Segment Start: Records provided

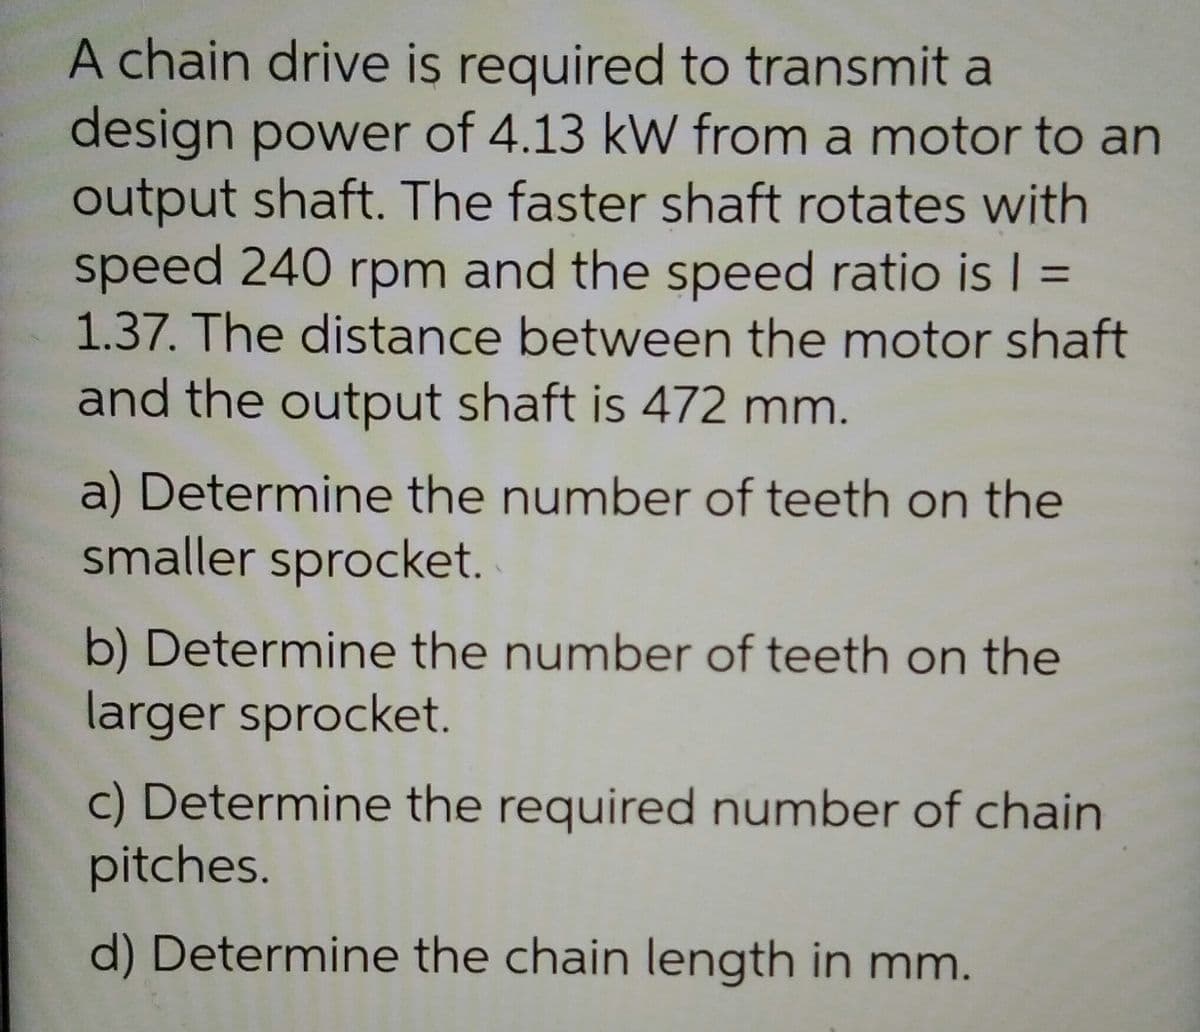 A chain drive is required to transmit a
design power of 4.13 kW from a motor to an
output shaft. The faster shaft rotates with
speed 240 rpm and the speed ratio is I =
1.37. The distance between the motor shaft
and the output shaft is 472 mm.
%3D
a) Determine the number of teeth on the
smaller sprocket.
b) Determine the number of teeth on the
larger sprocket.
c) Determine the required number of chain
pitches.
d) Determine the chain length in mm.

Segment End: Records provided

▶ _What to work on_
Please copy the line holding "smaller sprocket." and all lines after it to the end of the records, exactly, and nothing else.

▶ _Exercise response_
smaller sprocket.
b) Determine the number of teeth on the
larger sprocket.
c) Determine the required number of chain
pitches.
d) Determine the chain length in mm.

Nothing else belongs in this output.